Pepe Murcia

Personal information
- Full name: José Murcia González
- Date of birth: 3 December 1964 (age 61)
- Place of birth: Córdoba, Spain
- Position: Forward

Youth career
- 1977–1980: CD Alcázar
- 1980–1982: Zoco CF
- 1982–1984: Córdoba

Senior career*
- Years: Team / Apps / (Gls)
- 1984–1986: Egabrense
- 1986–1987: Jaén
- 1987–1988: Córdoba
- 1988: Valdepeñas / 3 / (0)
- 1988–1990: Córdoba / 2 / (0)
- 1990–1991: Plasencia
- 1991: Martos
- 1991–1992: Santaella

Managerial career
- 1992–1994: Alcázar (youth)
- 1994–1996: Séneca (youth)
- 1996–2000: Córdoba (youth)
- 2000–2001: Córdoba B
- 2001–2002: Córdoba
- 2002: Cartagena
- 2003–2006: Atlético Madrid B
- 2006: Atlético Madrid
- 2006–2007: Xerez
- 2007–2008: Castellón
- 2008–2009: Celta
- 2009: Albacete
- 2011: Salamanca
- 2011: Braşov
- 2014: Levski Sofia
- 2016–2017: Legirus Inter
- 2017–2020: Al Shahaniya
- 2021: Sfaxien
- 2021–2023: Muaither
- 2023–2024: Al-Wakrah

= José Murcia =

Spanish football manager (born 1964)

José 'Pepe' Murcia González (born 3 December 1964) is a Spanish former footballer who played as a forward, currently a manager.

==Career==
Born in Córdoba, Andalusia, Murcia never played in higher than Segunda División B, and retired in 1992 at the age of only 27 due to injury. He coached several local youth teams in his early years, including Córdoba CF. After a successful spell with the reserves (two consecutive promotions all the way to Tercera División), he was one of four managers for the main squad in the 2001–02 season, achieving four wins, two draws and two losses during his eight games in charge as they eventually retained their Segunda División status.

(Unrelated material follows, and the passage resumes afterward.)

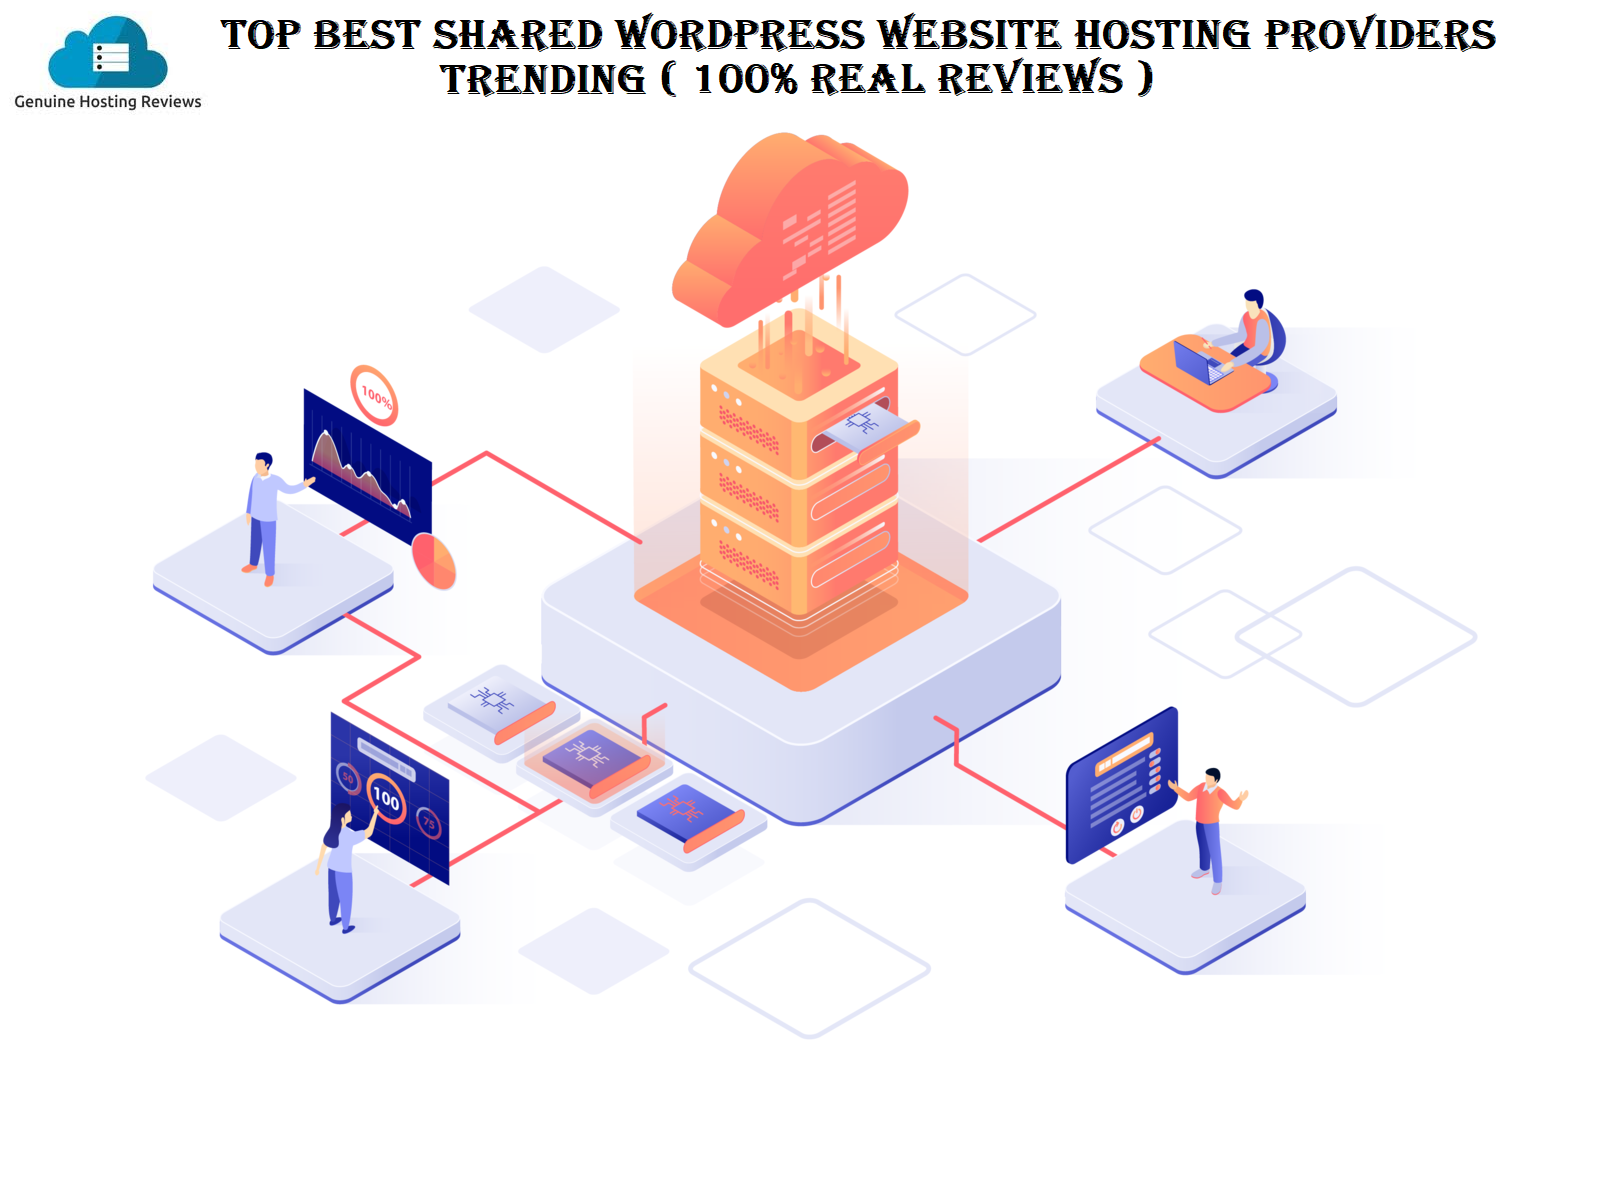 Top best Shared WordPress Website Hosting Providers trending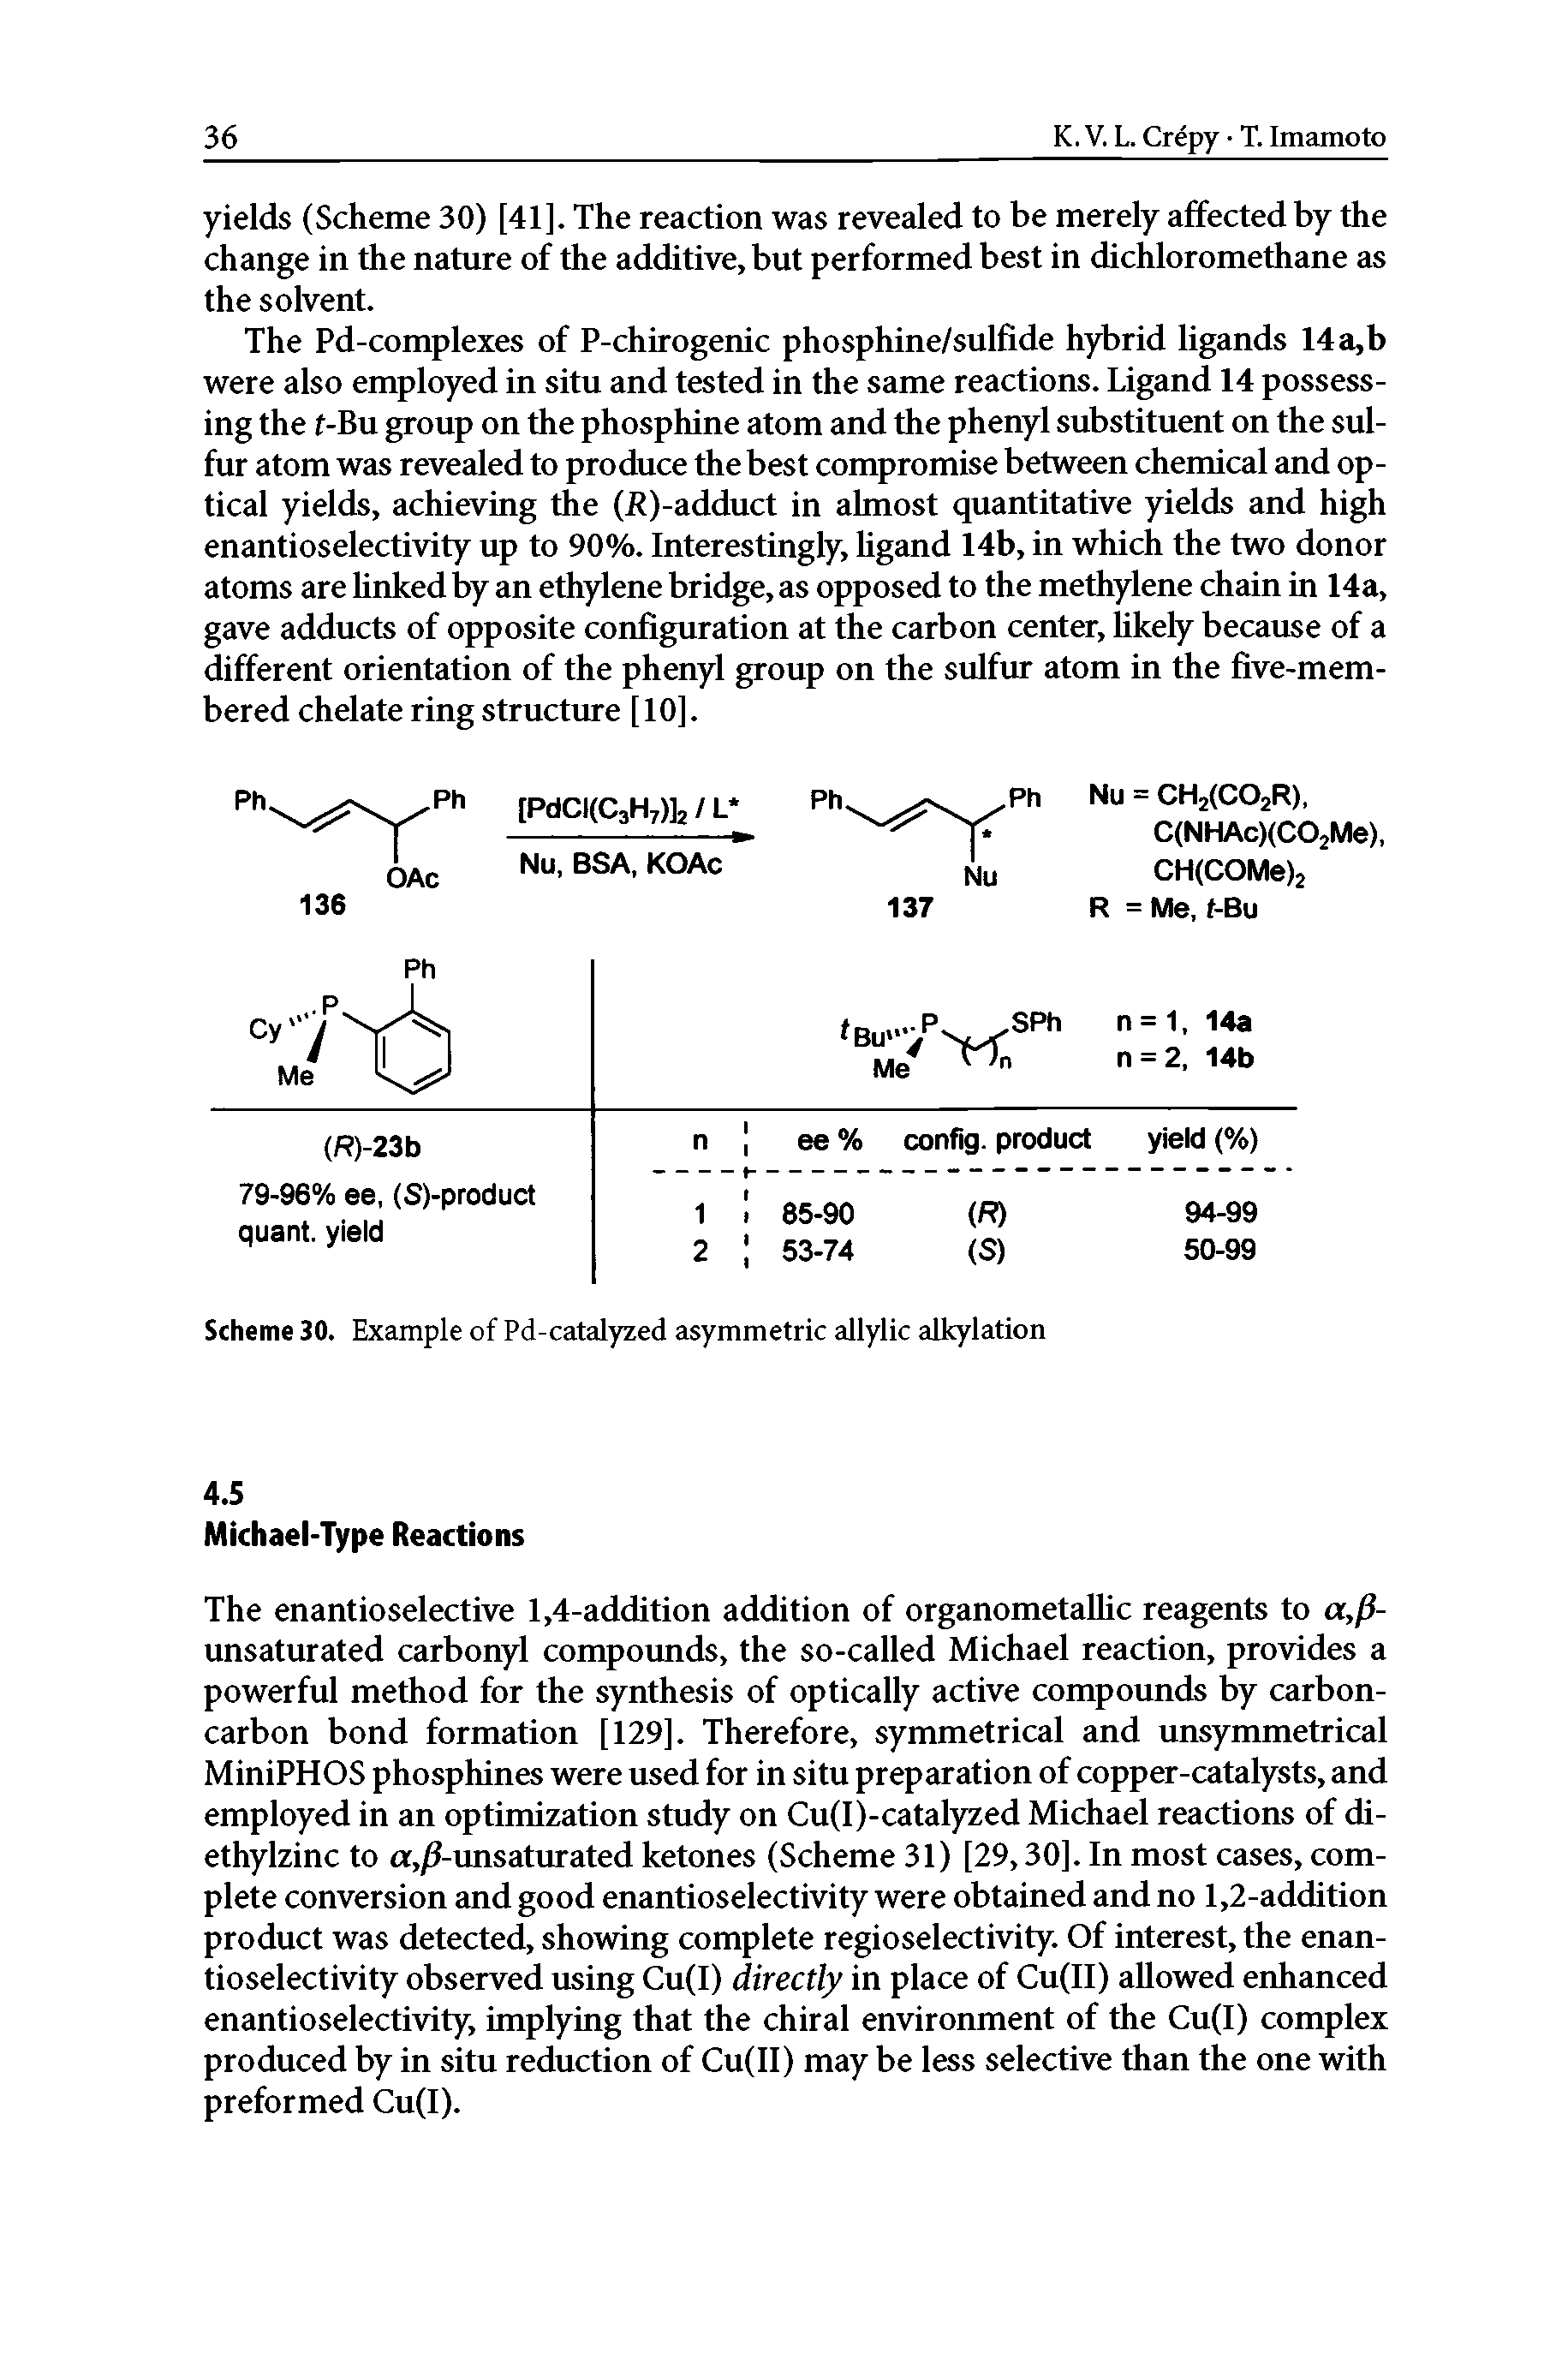 Scheme 30. Example of Pd-catalyzed asymmetric allylic alkylation...

Murcia then plied his trade in the third division, leading Atlético Madrid's B team to the league championship in his first year, albeit with no playoff promotion. On 9 January 2006, following a 0–0 La Liga home draw against Valencia CF, he was appointed the Colchoneros first team's manager, replacing the dismissed Carlos Bianchi; they ranked 12th at that time, going on to finish the campaign in tenth position.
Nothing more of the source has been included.